EDS proved a non-persistent symptom, although persistency and the proportion of patients with EDS increased with longer follow-up. At baseline 43% of patients had EDS, while 46% of patients without EDS at baseline developed this symptom during follow-up. Male gender, poorer nighttime sleep, cognitive and autonomic dysfunction, hallucinations, less severe dyskinesias, dose of dopamine agonists and use of antihypertensives were associated with higher EDS scores over time, while use of benzodiazepines was associated with lower scores. Baseline SCOPA-SLEEP-DS score and PIGD phenotype were risk factors for future EDS.

Conclusion

With longer disease duration a large proportion of patients develop EDS. Some risk factors are modifiable and patients should be monitored to improve quality of life and reduce risk of harm.

Introduction

Excessive daytime sleepiness (EDS) is a common feature of Parkinson's disease (PD), which can affect up to 50% of patients [1]. The American Academy of Sleep Medicine defines EDS as the inability to maintain wakefulness and alertness during the major waking episodes of the day, with sleep occurring unintentionally or at inappropriate times almost daily for at least three months [2].

EDS in PD contributes significantly to the disease burden, and increases the risk of harm to patients [3]. Understanding the risk factors for EDS may help to prevent, identify, and target interventions to the correct patients.

Earlier studies found that the presence of EDS is associated with dopamine agonist (DA) use, higher age, male gender, advanced disease, the postural-instability-gait-difficulty (PIGD) motor phenotype, insomnia, hallucinations, cognitive decline and depression [4], [5]. Information on the relation between EDS and the use of medications such as antidepressants, antihypertensives and benzodiazepines, which are known to cause sleepiness in the general population, is scarce in PD [6], [7].

The results on associated variables and predictors for EDS from previous studies were often inconsistent, likely due to small sample sizes and methodological differences between these studies [4], [5].

Furthermore, most previous studies on EDS in PD had a cross-sectional design and to date only two longitudinal studies have been performed [4], [5]. One study (n = 131) showed that 23% of patients who were free of EDS developed this feature during a four-year follow-up period and that the presence of EDS was associated with more severe disability and cognitive impairment. Although this study had a longitudinal setup, data of patients with EDS at baseline were pooled with those who developed EDS during follow-up, after which they were compared to those of patients who had no EDS at both time points. This strategy therefore actually involved a cross-sectional comparison and the data provide limited information on features that are related to changes in EDS over time [5].

The other study (n = 153) – performed in early, initially drug-naïve patients – found that the occurrence of EDS increases with disease progression and that its presence is not a persistent feature but instead may fluctuate over time; they further found that EDS severity is associated with male gender, depression, ADL disability and DA use [4].
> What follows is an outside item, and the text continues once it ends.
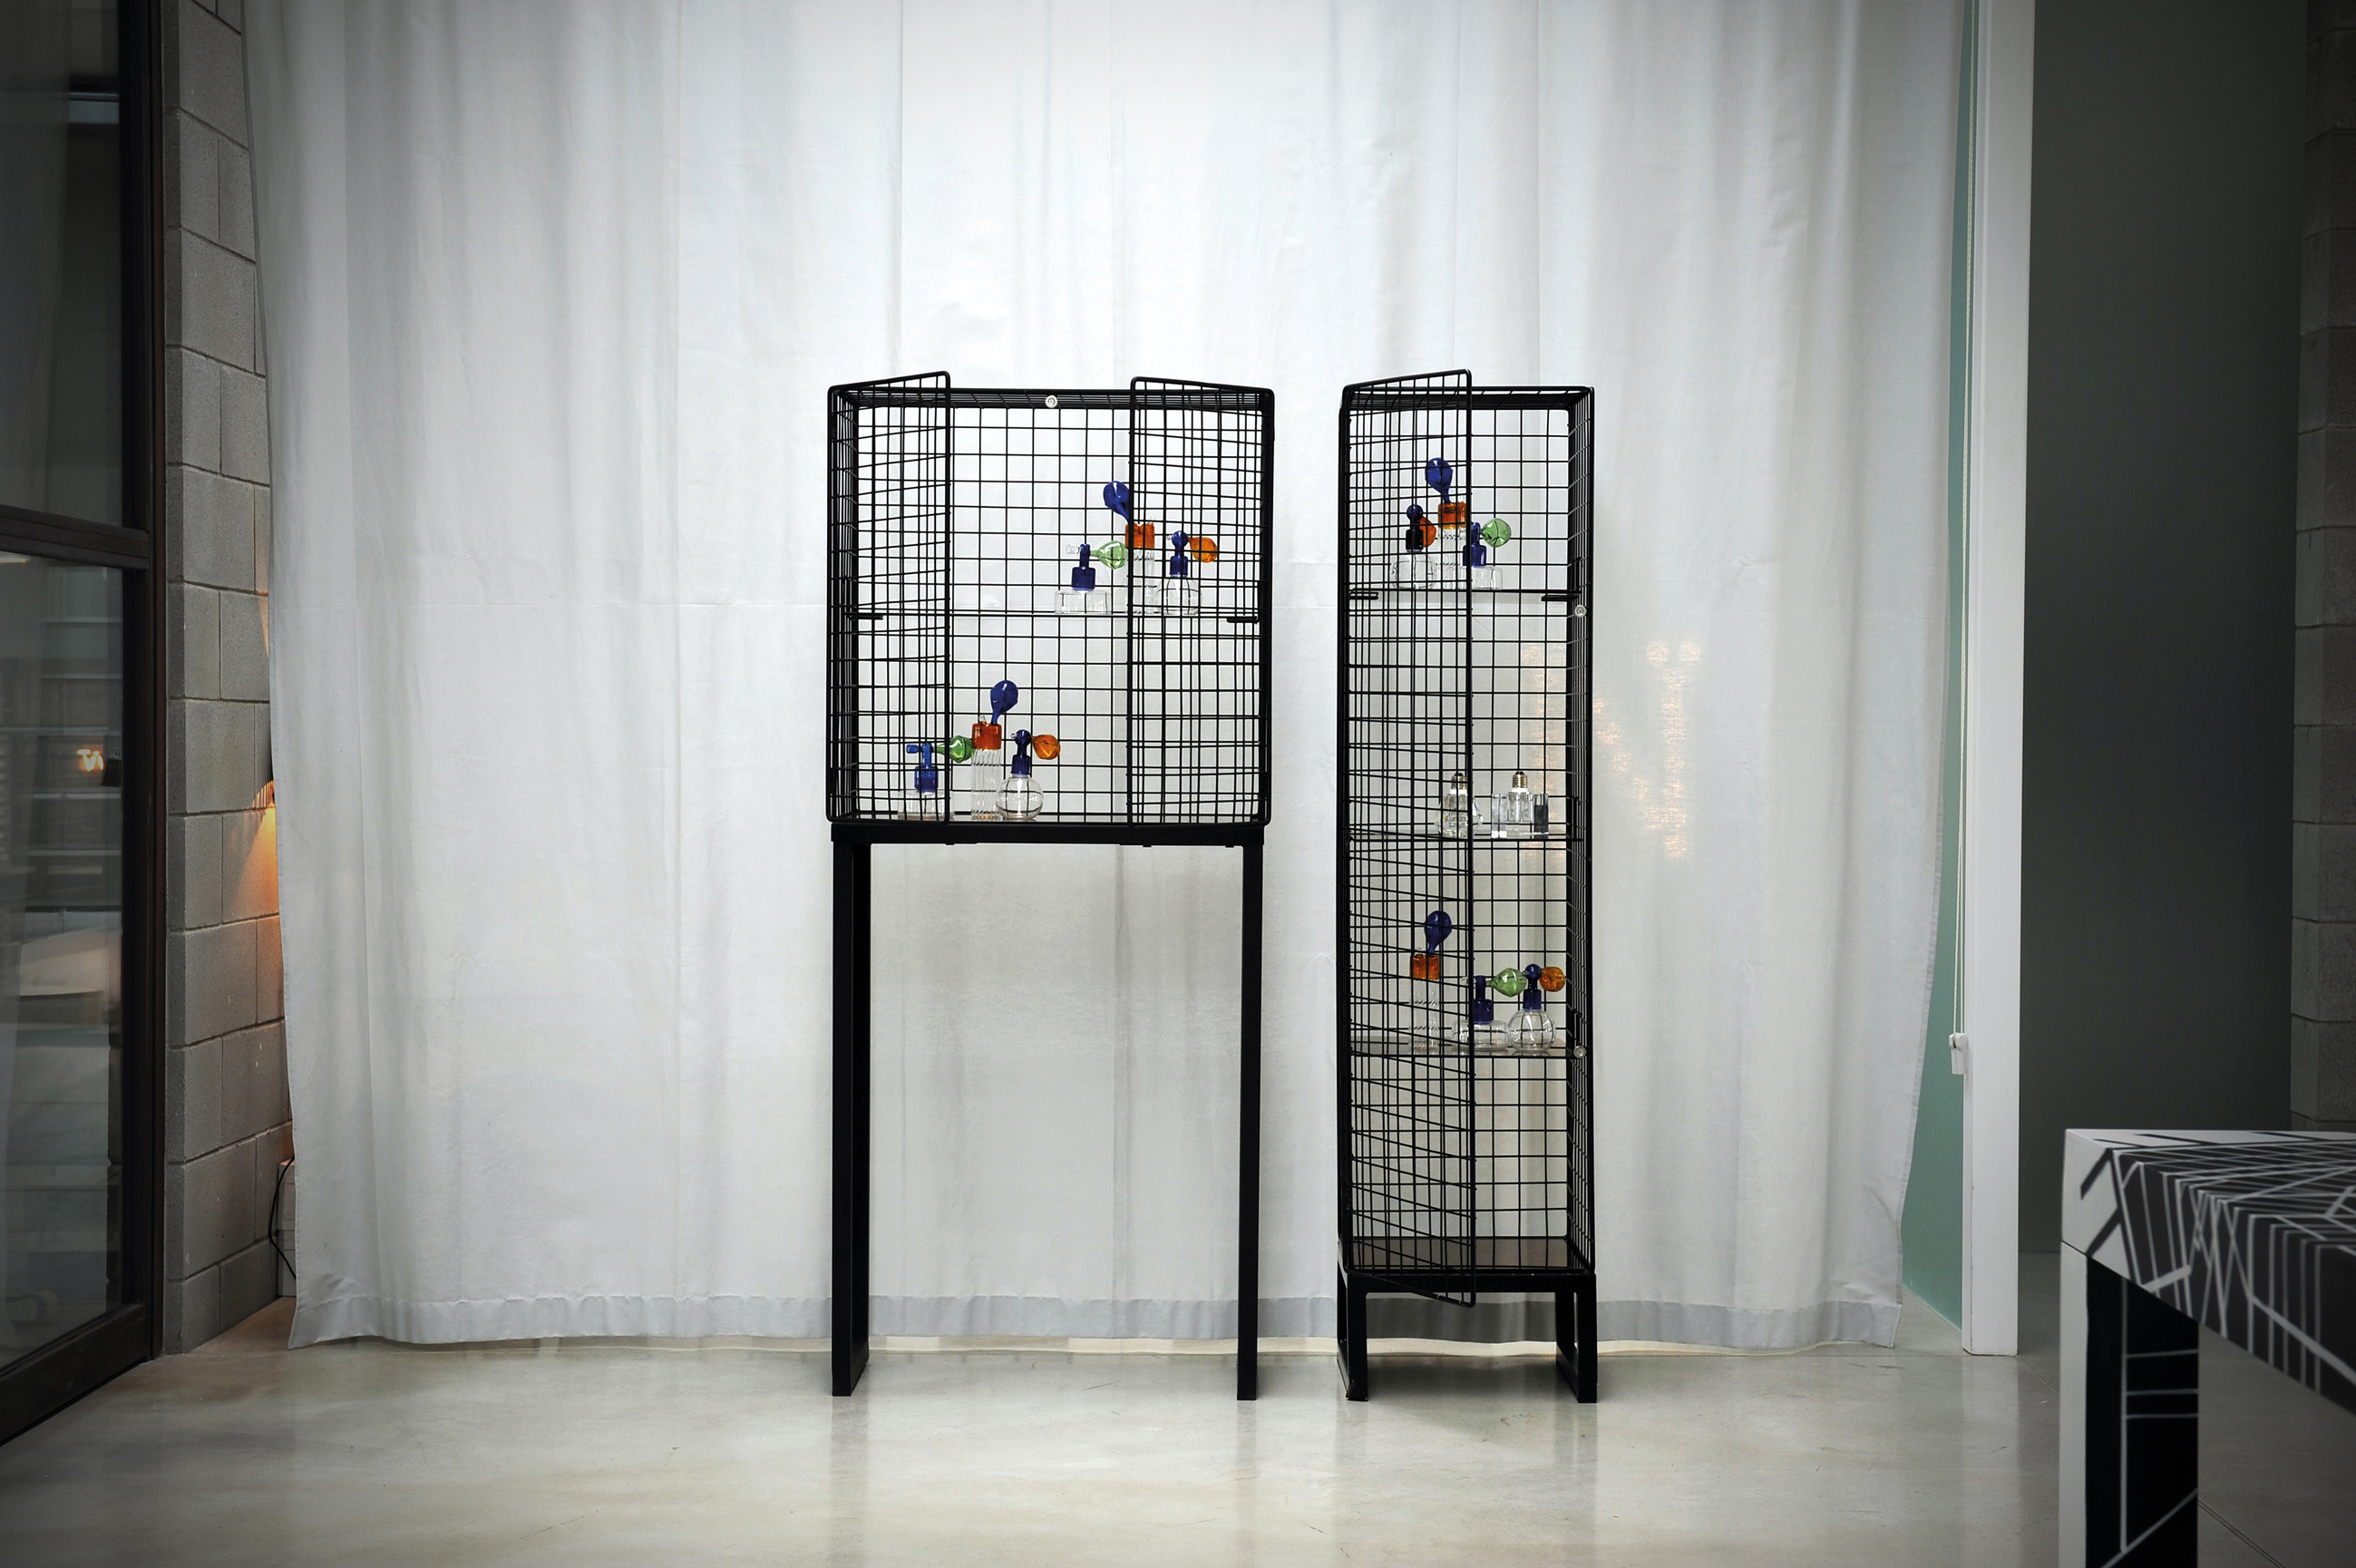 Ikea Schrank Mit Gittertür – Geschichte von zu Hause aus

Large longitudinal studies on EDS in more advanced PD are lacking. The PROPARK cohort study includes over 400 PD patients who have been examined annually and followed for five years (i.e., six assessments), which makes this study very well-suited for the purpose of identifying factors associated with (the development of) EDS in PD.

Section snippets

The PROPARK cohort

Patients were recruited from neurology clinics of university and regional hospitals in the western part of the Netherlands and all fulfilled the United Kingdom Parkinson's disease Society Brain Bank criteria for idiopathic PD [8]. The majority of patients were evaluated at the Leiden University Medical Center, but more severely affected patients were offered the possibility to be examined at their homes to prevent selective drop-out. In view of the fact we aimed to obtain information on the

Results

Of the 413 patients of whom an EDS score was available at baseline, 179 (43%) were classified as having EDS and 234 patients were classified as not having EDS (see for details Fig. 1). Of the 234 patients without EDS at baseline, 108 patients (46%) developed this symptom during the follow-up period.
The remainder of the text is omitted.